Миронов молча наблюдал за перемещением-топтанием Алехи, прислушивался к беззлобной шутке казаков и делал вид, что ничего не видит и ничего не слышит. Знал он, что видимая неповоротливость этого увальня казака была обманчивой, за ней скрывалась огромная сила, а в боевой обстановке к ней неожиданно прибавлялись быстрота, стремительность и хладнокровная расчетливость – то есть срабатывала истинная казачья смекалка и, как говорится, стопроцентная надежность. «С этим казаком можно идти в разведку» – такую оценку заслуживал Алеха.
Но во второй раз Алеха не пошел в разведку.
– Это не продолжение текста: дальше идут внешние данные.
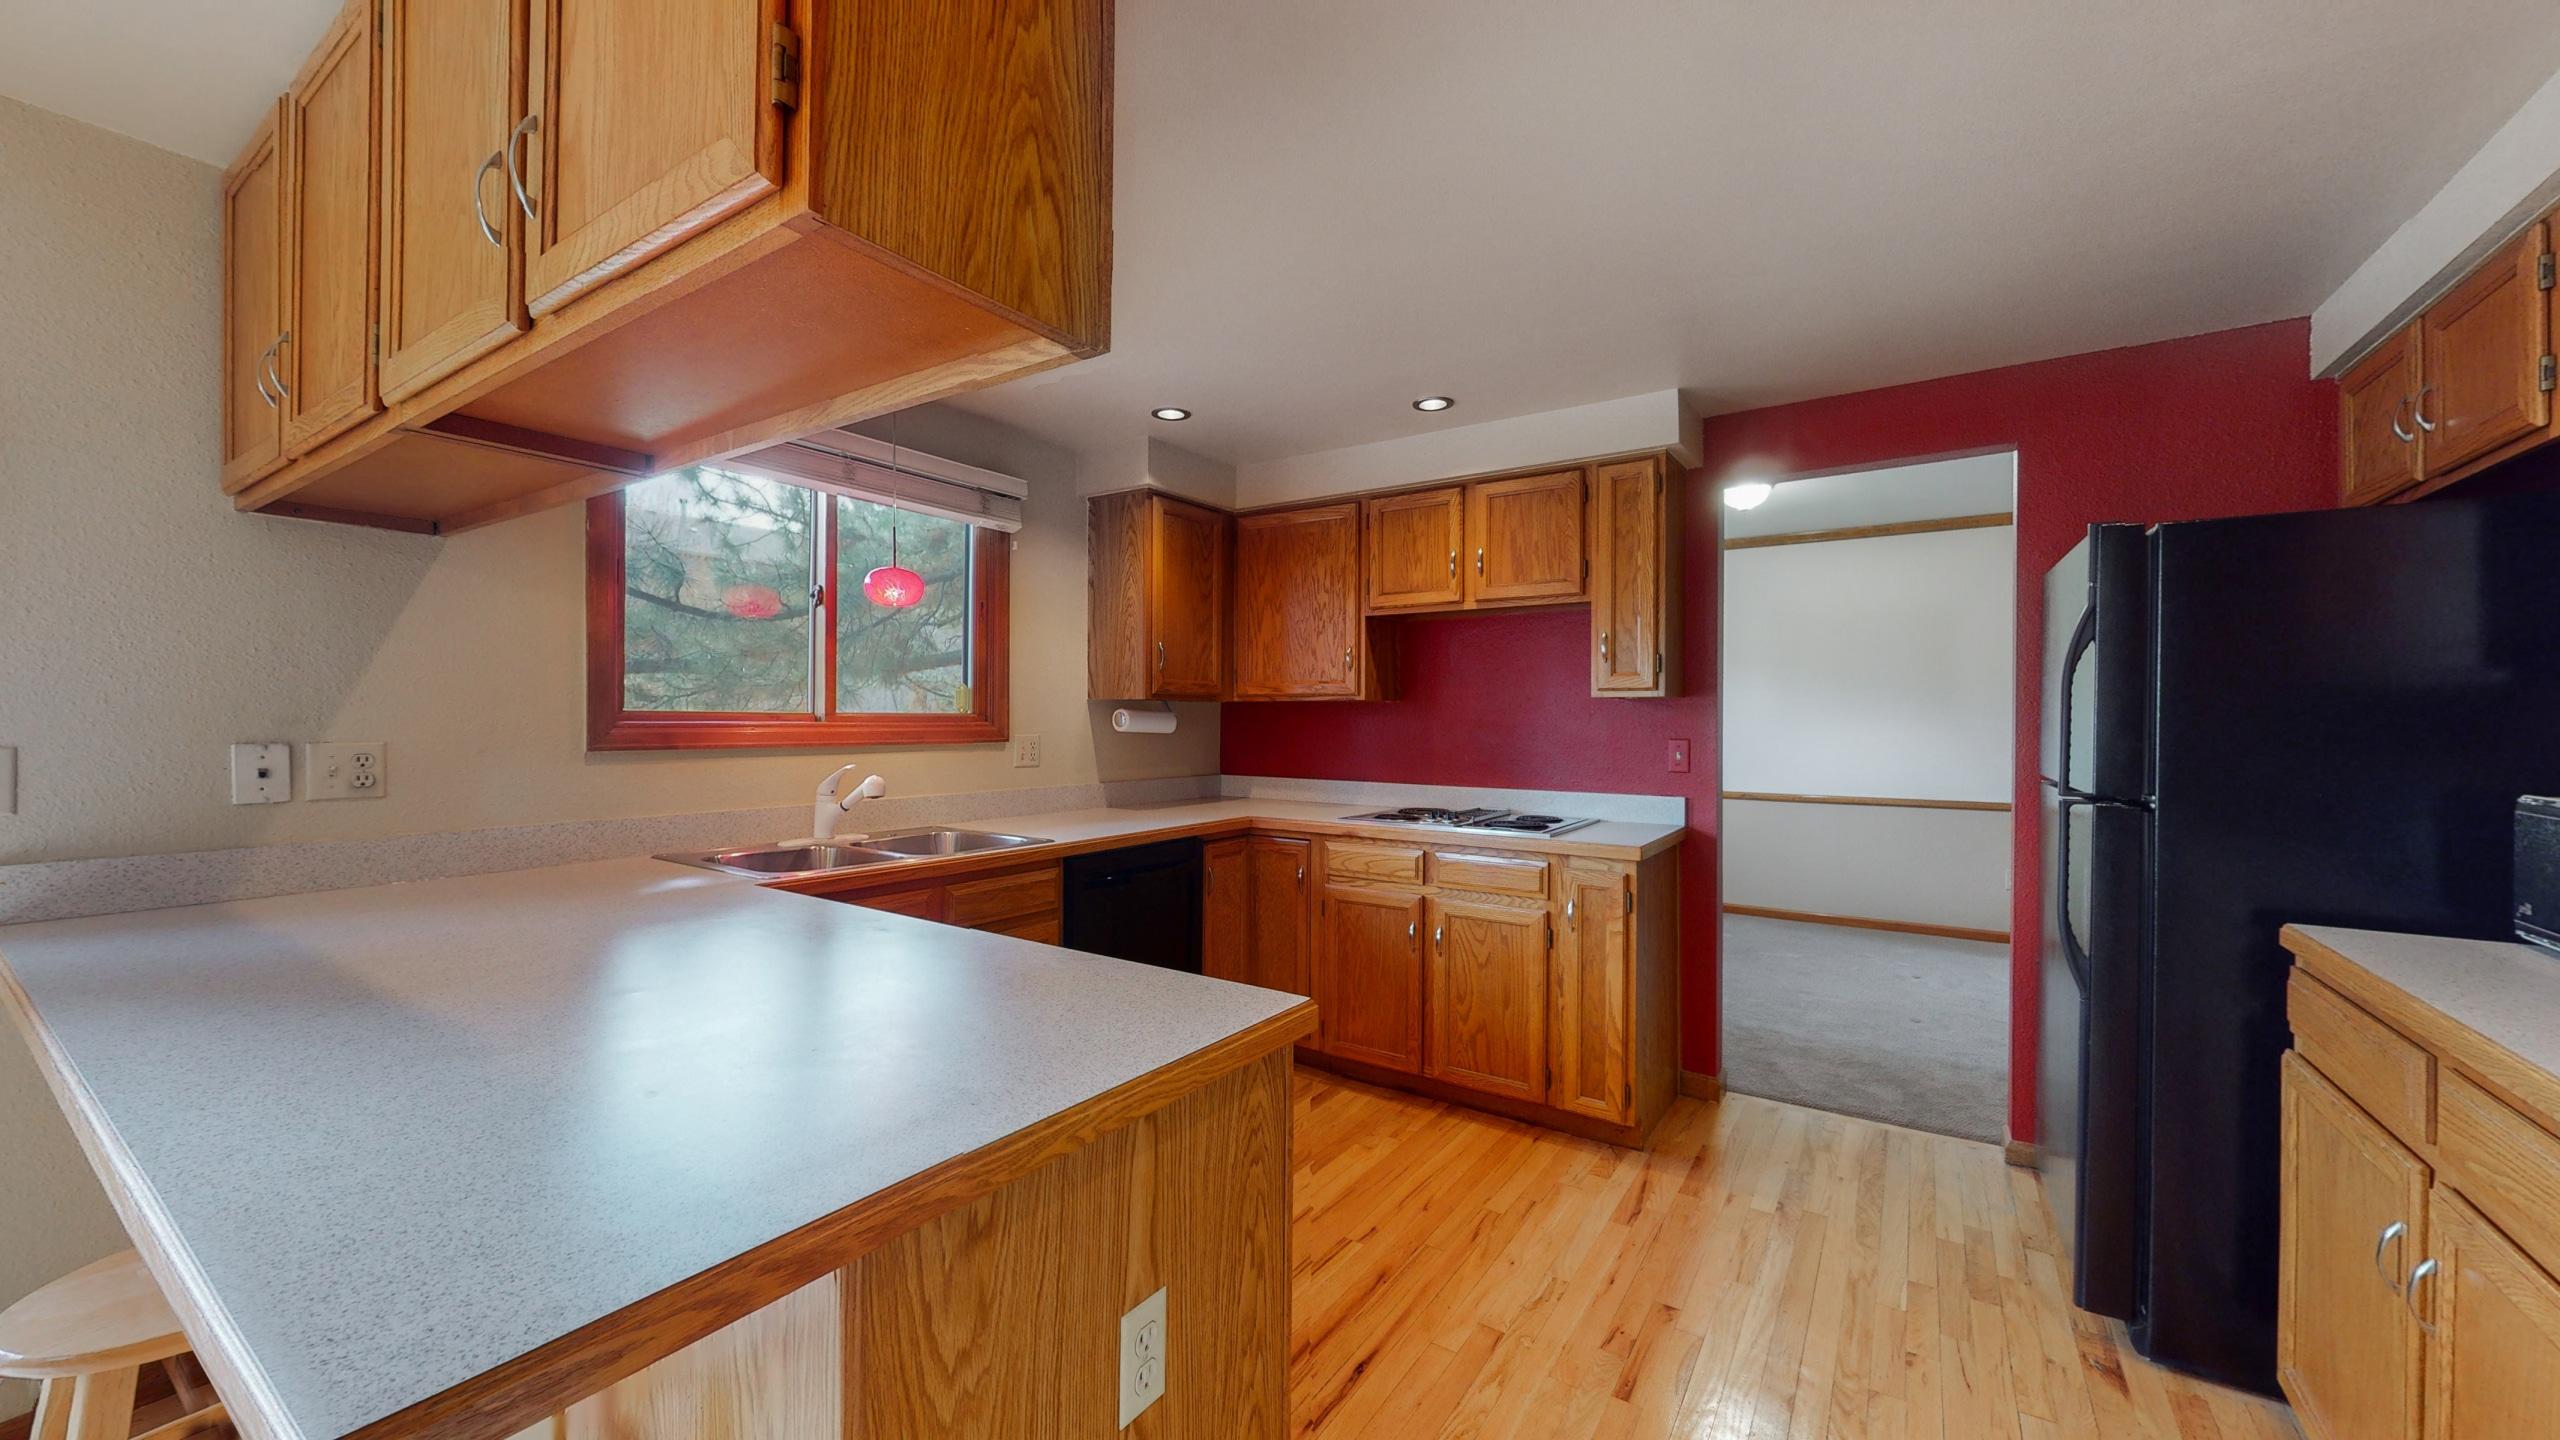 Kitchen with oak cabinets, hardwood floors, black appliances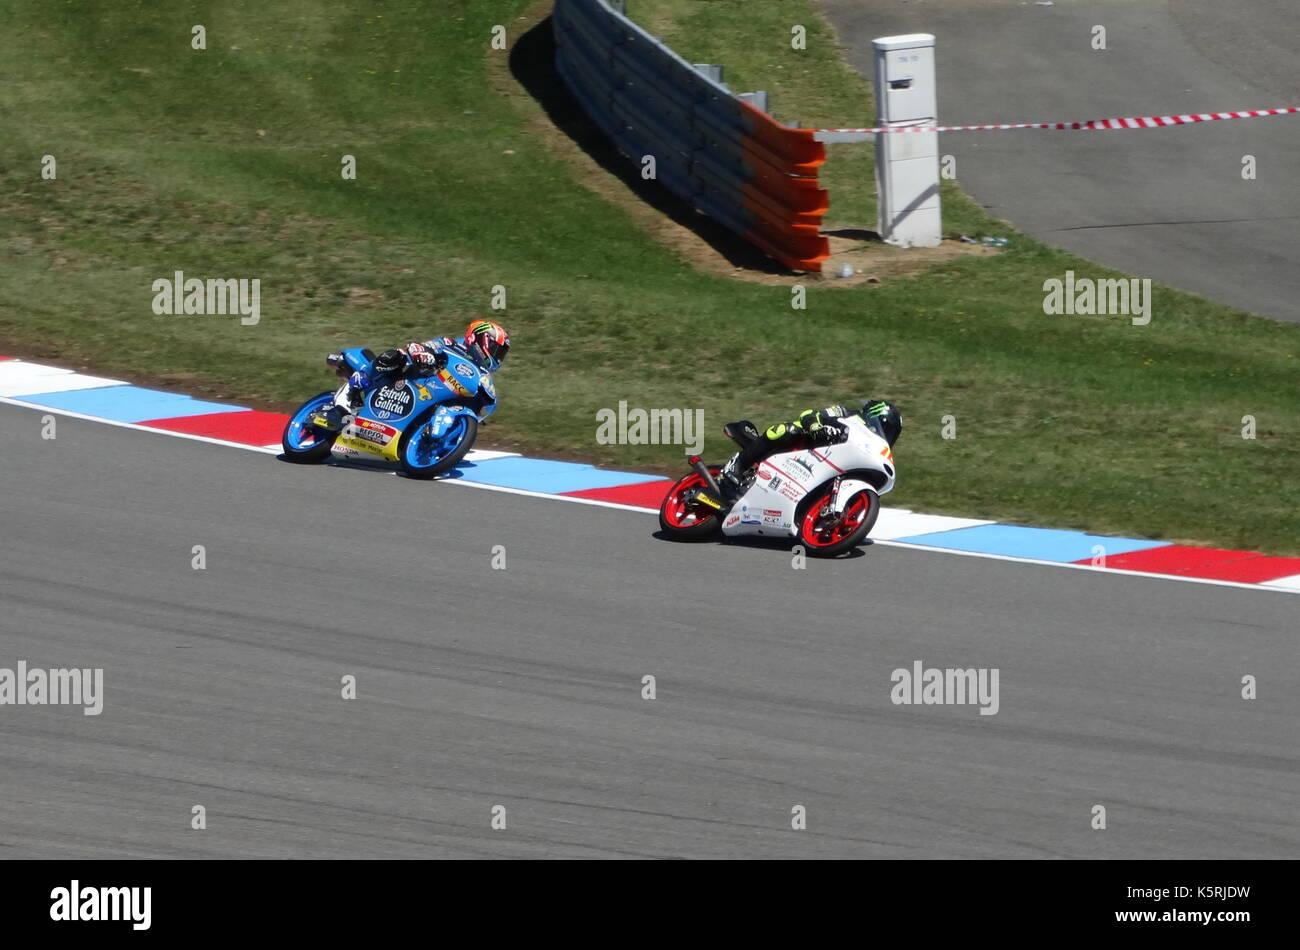 Moto Gp Track Stock Photos & Moto Gp Track Stock Images - Alamy

Почему? Никто не хотел подозревать его в трусости, да и сам он не поверил бы, если бы даже его обвинили в этом. И вот что странно, не верил, а в разведку, очередную и страшную, не пошел. То ли предчувствием томимый, то ли не мог прийти в себя от того, первого похода, когда в смертельной схватке с японским разведчиком сошлись. Верткий и сильный враг вцепился в горло и сдавливал, как железными тисками...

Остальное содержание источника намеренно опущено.